Yes, we must stay and see how the show ends. What would be a suitable denouement for a man – especially one who claims to believe in a free market – who stops to tell all the world’s borrowers and all the world’s sellers at what rate they should do business? Based on his intuition, our hero directs the entire world’s economy; what can we expect for him in the last act?

We don’t know. But we can’t wait to find out.

*** And here is a little note we picked up. Unfortunately, we can’t remember where (we will give credit when we recall where it is due):

"In 1913, at the height of its empire, Britain was the world’s biggest creditor. Within 40 years, after two costly world wars and economic mismanagement, it became a net debtor and the dollar usurped sterling’s role. Dislodging an incumbent currency can take years. Sterling maintained a central international role for at least half a century after America’s GDP overtook Britain’s at the end of the 19th century. But it did eventually lose that status.

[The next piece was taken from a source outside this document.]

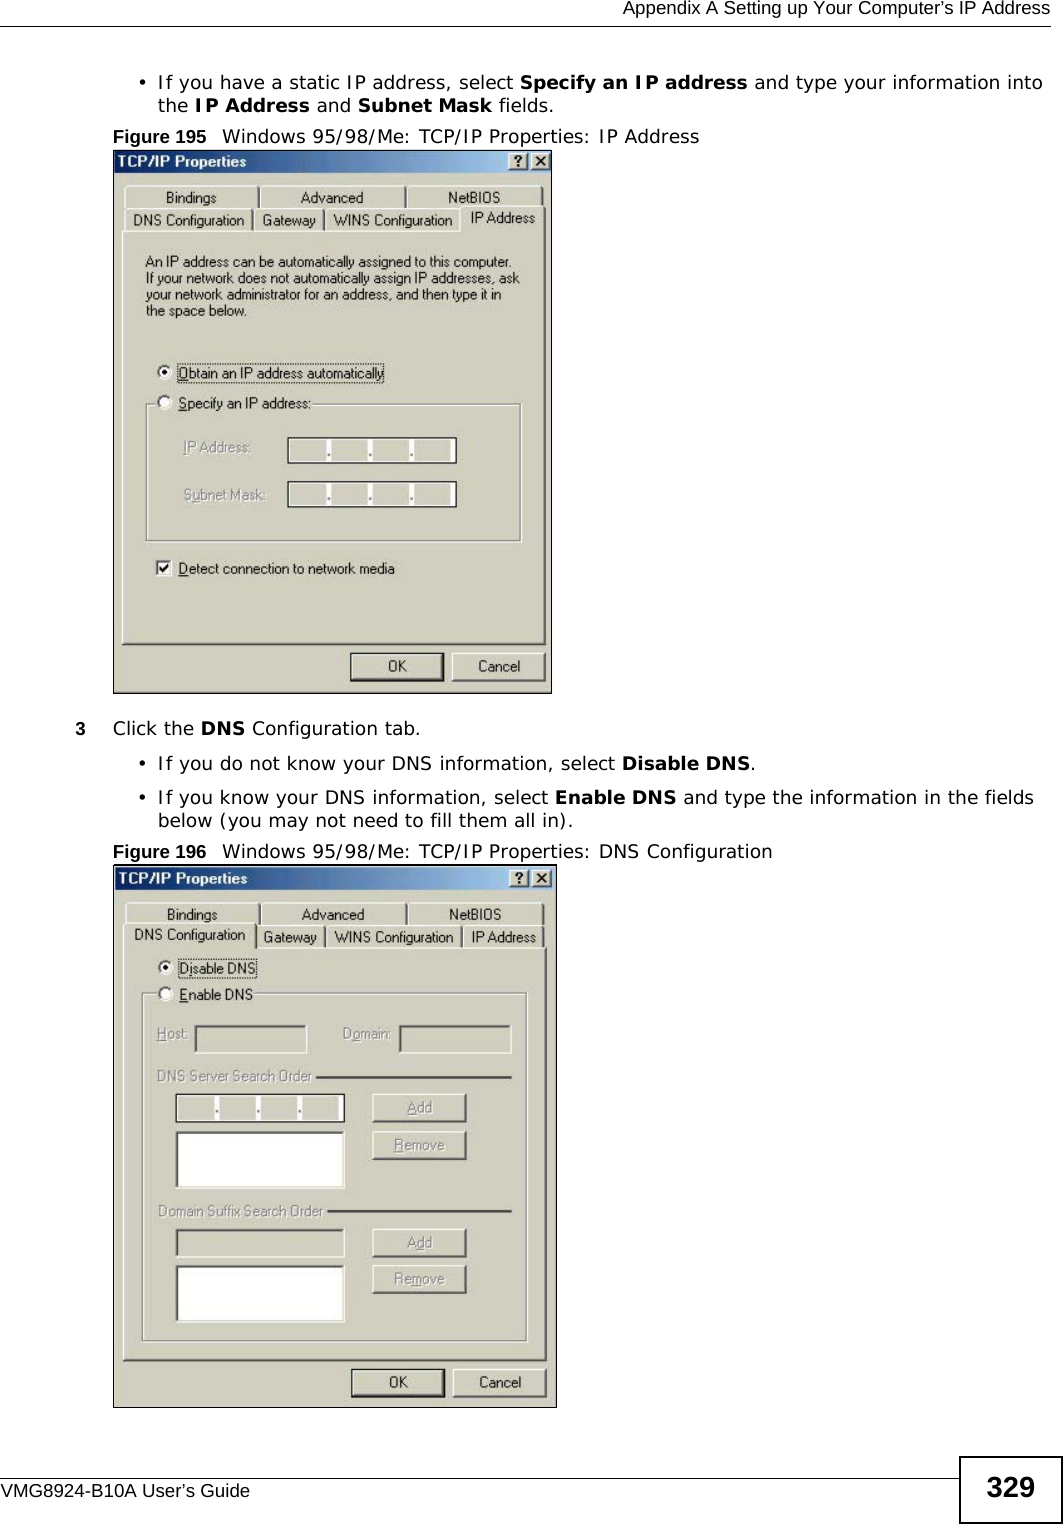  Appendix A Setting up Your Computer’s IP AddressVMG8924-B10A User’s Guide 329• If you have a static IP address, select Specify an IP address and type your information into the IP Address and Subnet Mask fields.Figure 195   Windows 95/98/Me: TCP/IP Properties: IP Address3Click the DNS Configuration tab.• If you do not know your DNS information, select Disable DNS.• If you know your DNS information, select Enable DNS and type the information in the fields below (you may not need to fill them all in).Figure 196   Windows 95/98/Me: TCP/IP Properties: DNS Configuration

"If America continues on its current profligate path, the dollar is likely to suffer a similar fate. But in future no one currency, such as the euro, is likely to take over. Instead, the world might drift towards a multiple reserve-currency system shared among the dollar, the euro and the yen (or indeed the yuan at some time in the future). That still implies a big drop in the long-term share of dollar assets in central banks’ vaults and private portfolios. A slow, steady shift out of dollars could perhaps be handled. But if America continues to show such neglect of its own currency, then a fast-falling dollar and rising American interest rates would result. It will be how far and how fast the dollar falls that determines the future for America’s economy and the world’s. Not even Mr. Greenspan can forecast that."